Testing with Apache JMeter (with Redis and Nginx)

  • 300-500 concurrent requests without crashing.
  • More requests will crash one of the server.

Testing with Apache JMeter (without Redis and Nginx)

  • 100-200 concurrent requests without crashing.

🥲
Don’t trust my metrics. I wish I stored some screenshots.

and based on the results above, the performance did improve! Yay!

Image in a image block

Realization 2

But wait.. do I realllllyy need all these caching and load-balancing stuff for a simple website that fetches and displays timetable data. And moreover we have a running cost of $12.00 per month.

So back to… can we have a solution to this? Can we run it with zero cost?

Realization 2 Solution

My solution to this, is to host the timetable data inside my Github repo instead of hosting my own API. and using Vercel.

Yes, that is the best solution I guess.
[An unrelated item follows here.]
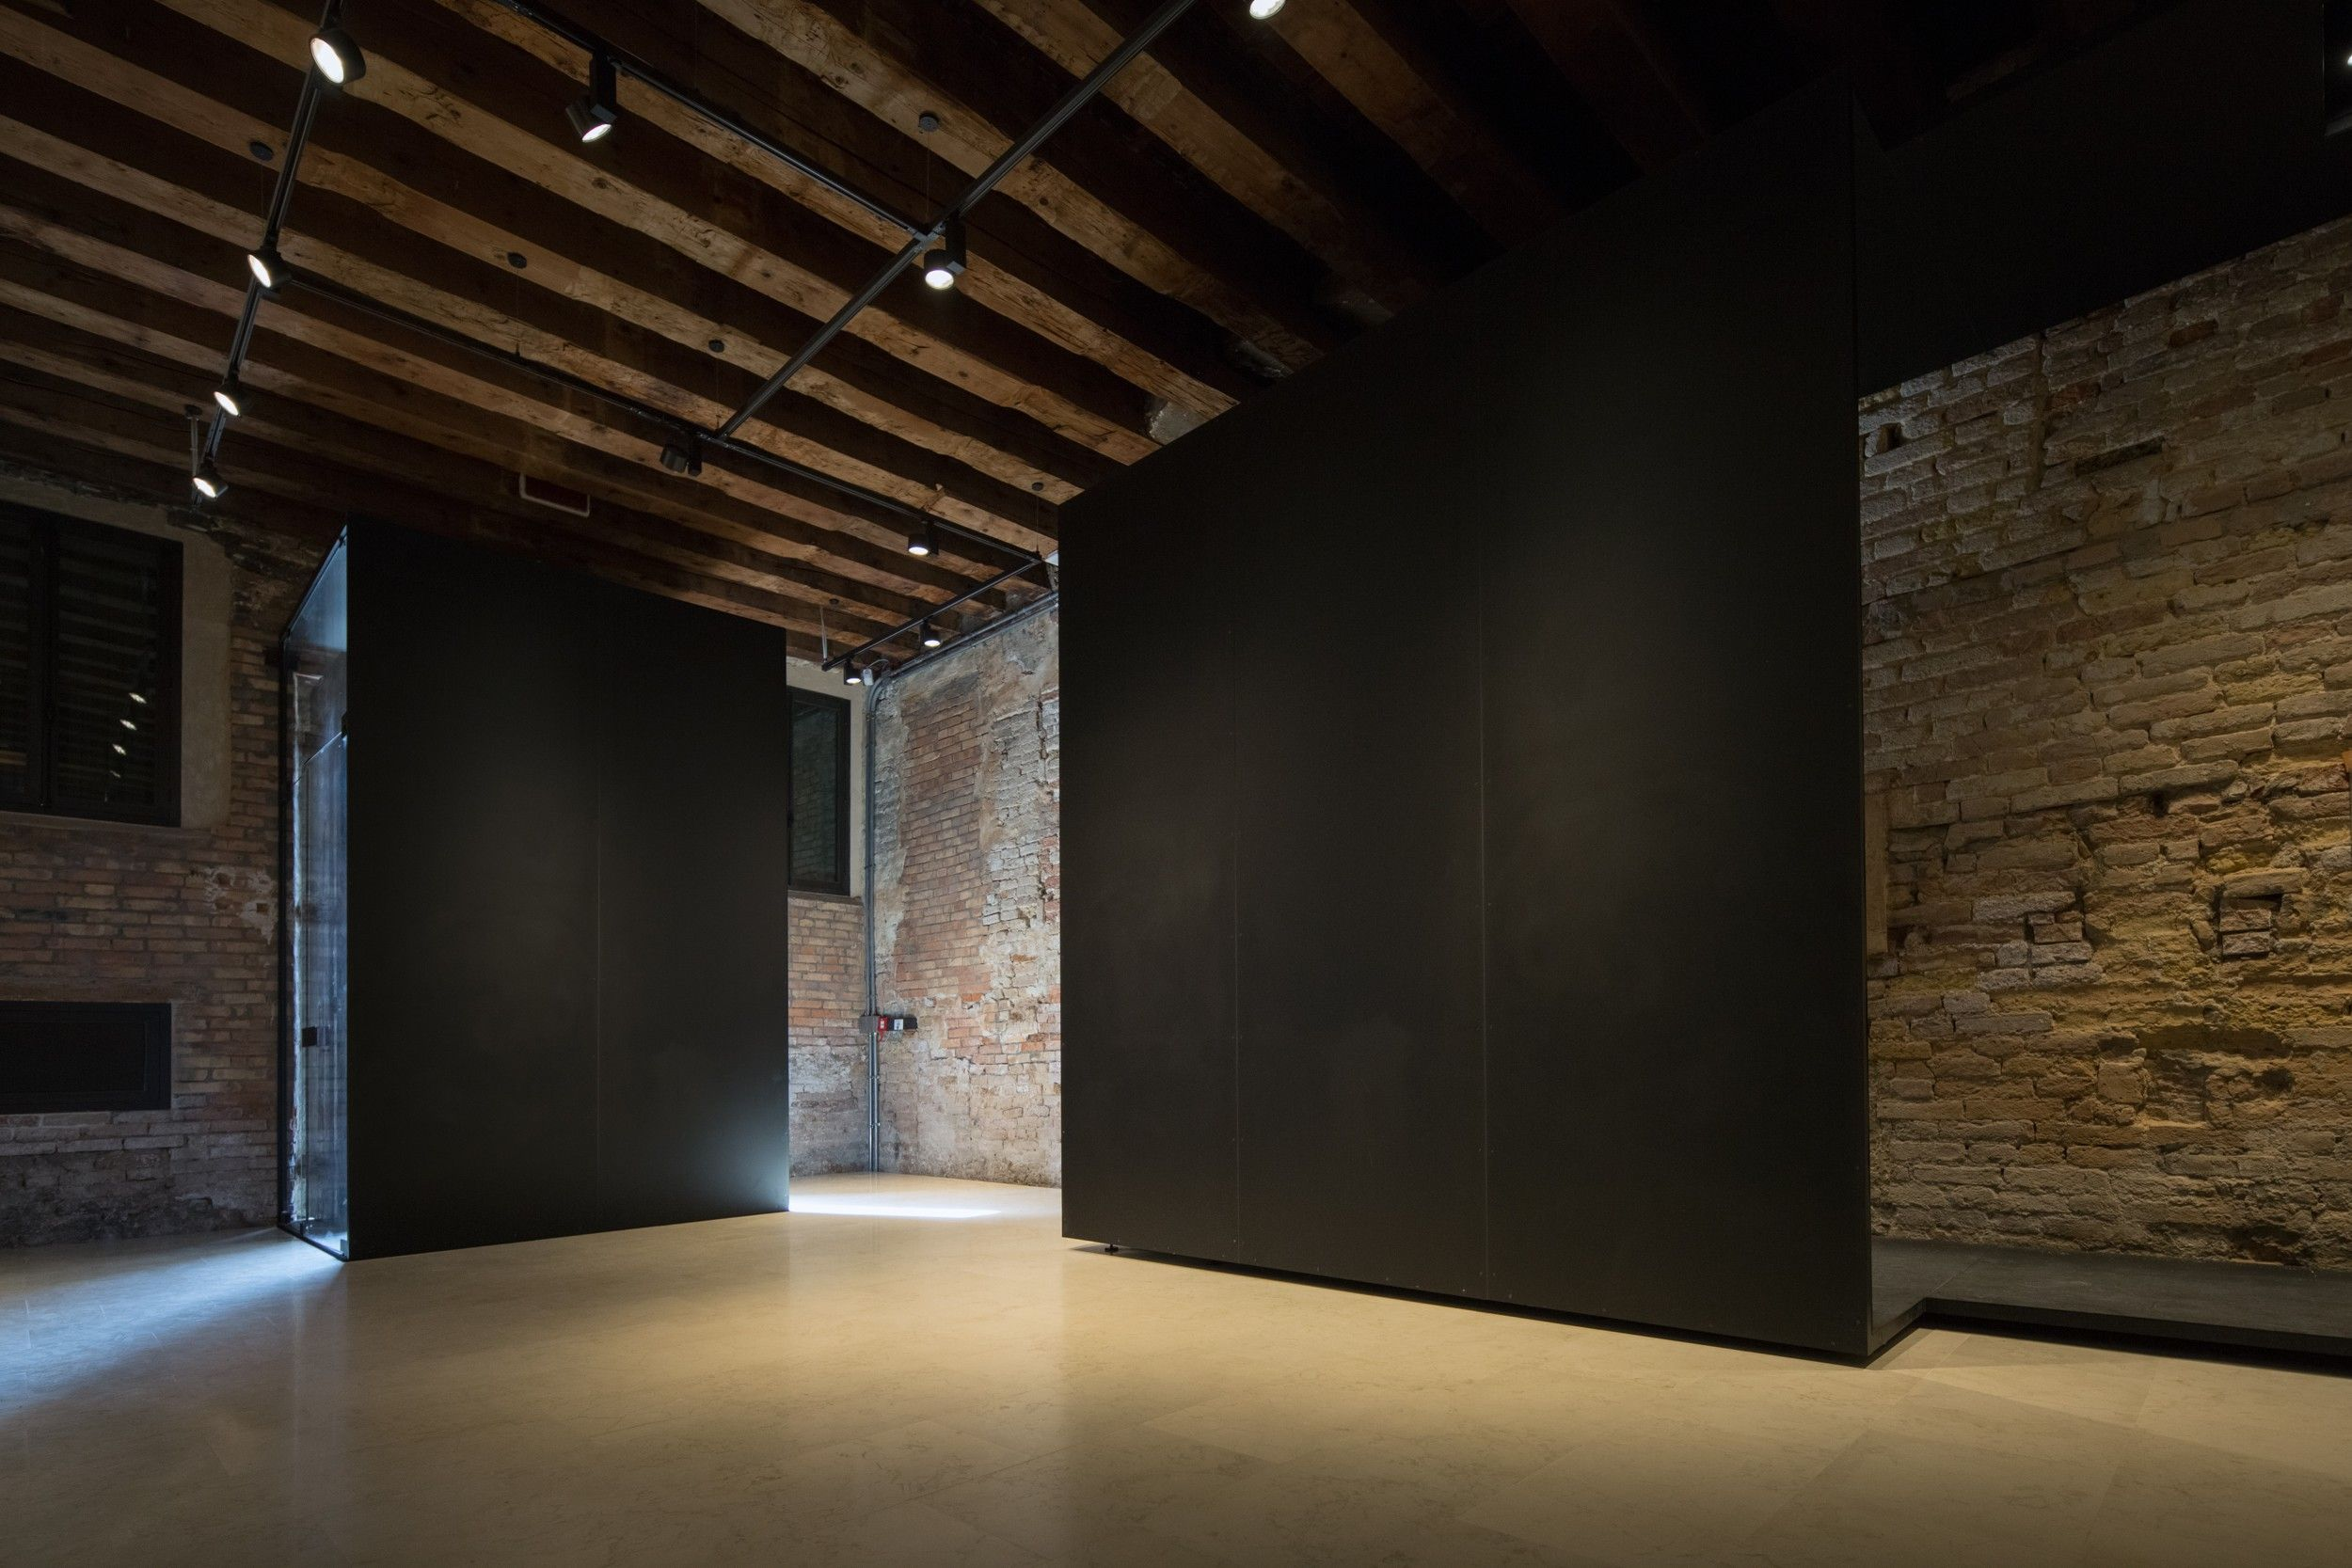 Palazzo Zen In Venice Biennale Interiores Y Muebles Pinterest  # Muebles En New Haven Ct

Everything will be relied on and fetched from the Github and Vercel server. I don’t have to think about having too many requests or users.

The next thing I did was, I created a scraper script to check if there is changes in timetable data in the original UNISEL eTimetable website, do updates, scrape the data and upload it to my Github Repo.

And then, put the script inside both of my free Cloud Oracle Instances, running with cron every 5 minutes.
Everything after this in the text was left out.